Low level API to take control of Neural Engine

Hi, I would love to code with the Neural Engine on my macbook pro M1 2020.

Is there any low-level API to create my very own work-loads?

I am working with audio and MIDI. As well sound synthesis and mixing.

Can I use the Neural Engine to offload the CPU? I am especially interested in parallelism using threads.

My programming lanuage of choice is ANSI C and Objective C.

Accepted Reply

This seems to be what I need. Vector operations and such.

https://developer.apple.com/library/archive/documentation/Performance/Conceptual/vDSP_Programming_Guide/Introduction/Introduction.html

and

https://developer.apple.com/documentation/accelerate/veclib

The Neural Engine looks versatile.

Replies

This seems to be what I need. Vector operations and such.

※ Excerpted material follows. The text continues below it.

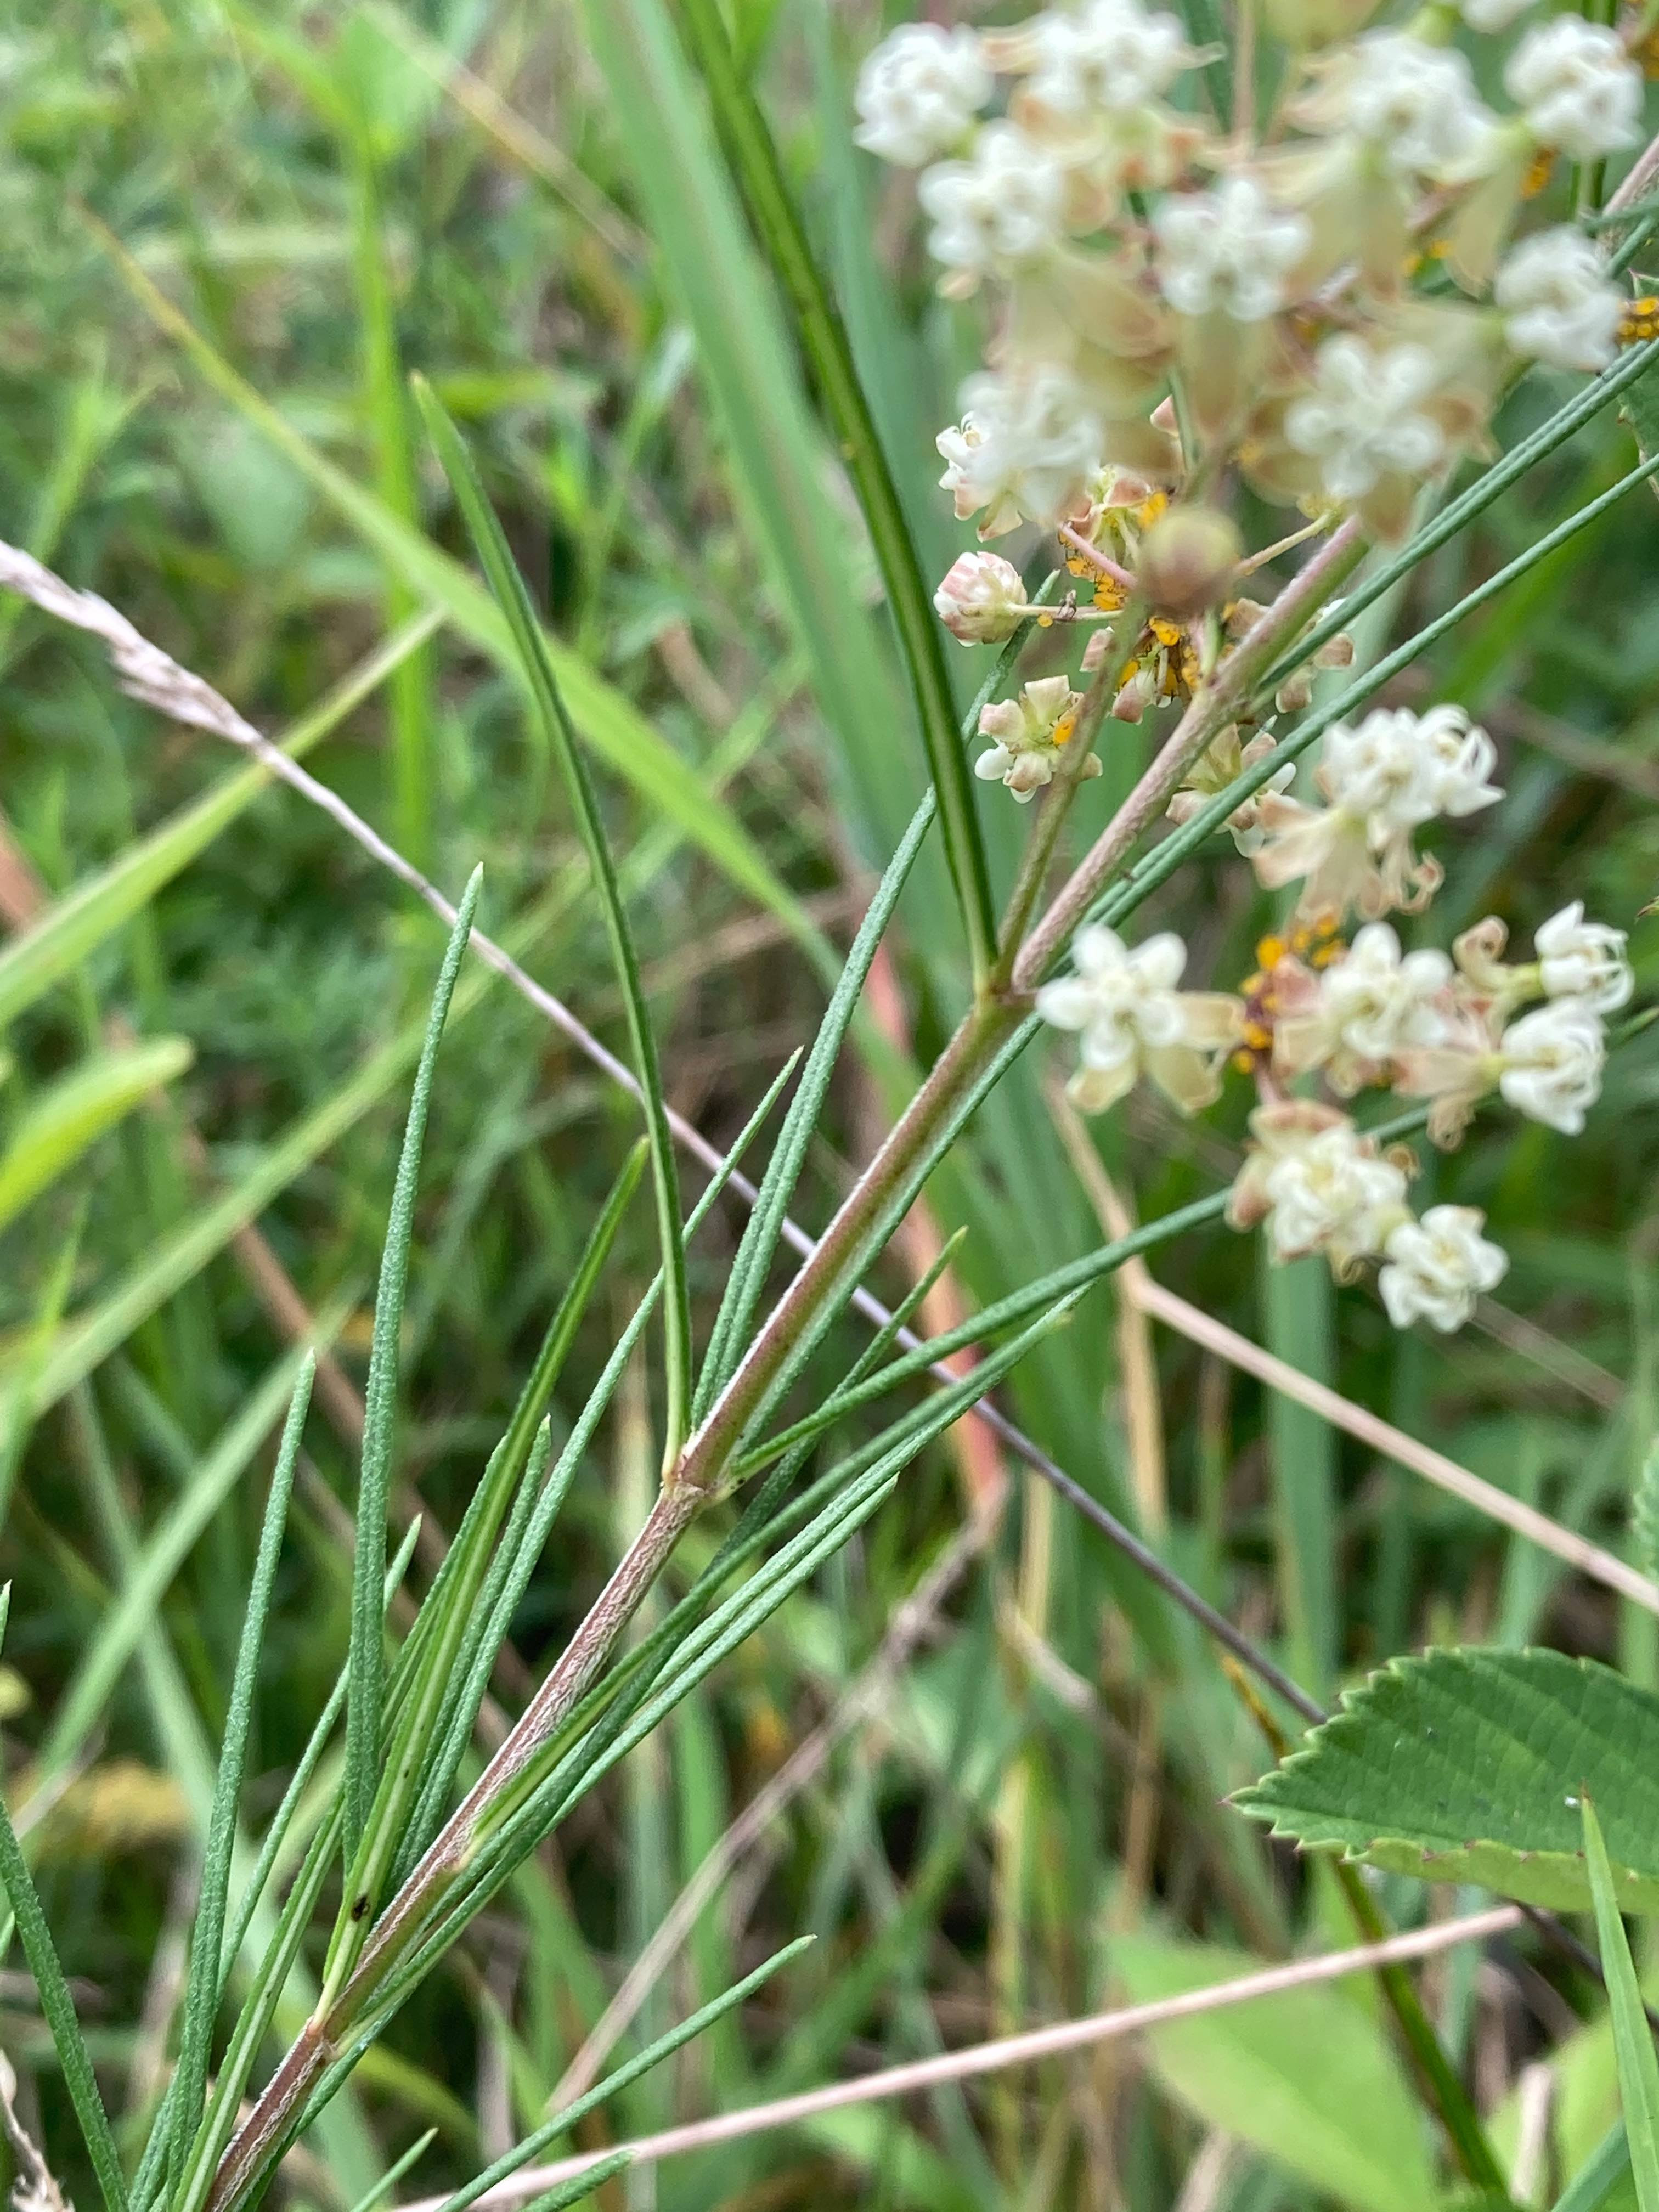 The Scientific Name is Asclepias verticillata. You will likely hear them called Whorled Milkweed. This picture shows the Narrow linear, whorled leaves. of Asclepias verticillata

https://developer.apple.com/library/archive/documentation/Performance/Conceptual/vDSP_Programming_Guide/Introduction/Introduction.html

and

https://developer.apple.com/documentation/accelerate/veclib

The Neural Engine looks versatile.

Does vecLib use the Neural Engine, or it executes on the GPU?
  • For vecLIb Accelerate uses undocumented AMX coprocessor. Libraries that also are accelerated: vImage — high level image processing, converting between formats, image manipulation. BLAS — industry standard for linear algebra BNNS — running and training neural networks vDSP — digital signal processing. Fourier transformations, convolution, image processing or any signal really including audio. LAPACK — high level linear algebra functions, for solving linear equations.

Add a Comment

I feel you have a bit wrong idea what Neural Engine is. It have nothing common to CPU or GPU - it's just a machine learning accelerator with very limited area of application - even not every layer type in your model can be used. Look at This FAQ for better understanding what it is and what it can.

Q: Is there any low-level API to create my very own work-loads?

A: Yes and No. Low level AppleNeuralEngine.framework is private to Apple and you can't use it.

But:

take a look at ANE Tools - compiler and decompiler for Neural Engine. Also there is coremltools - this will help to interface with TensorFlow and PyTorch

Q: Can I use the Neural Engine to offload the CPU? I am especially interested in parallelism using threads.

A: Basically - No. ANE can't execute CPU/GPU code and don't have threads. It operates with layer connectivity map and net weights.

One more thing - vDSP and veclib DONT use ANE.

UPDATE: Famous reverse engineer Geohot exposed some examples of using AppleH11ANEInterface

Also you can look at Wish Wu presentation on BlackHat Asia 2021 about ANE internals. Sorry, Apple not allows to paste it's link or attach file here - use google.

Based on these two sources, you can conclude that only thing ANE can do well - convolutions. Perhaps it was intentionally designed as convolution accelerator. Other AI/ML things, even so easy as ReLU is 20 times slower than CPU.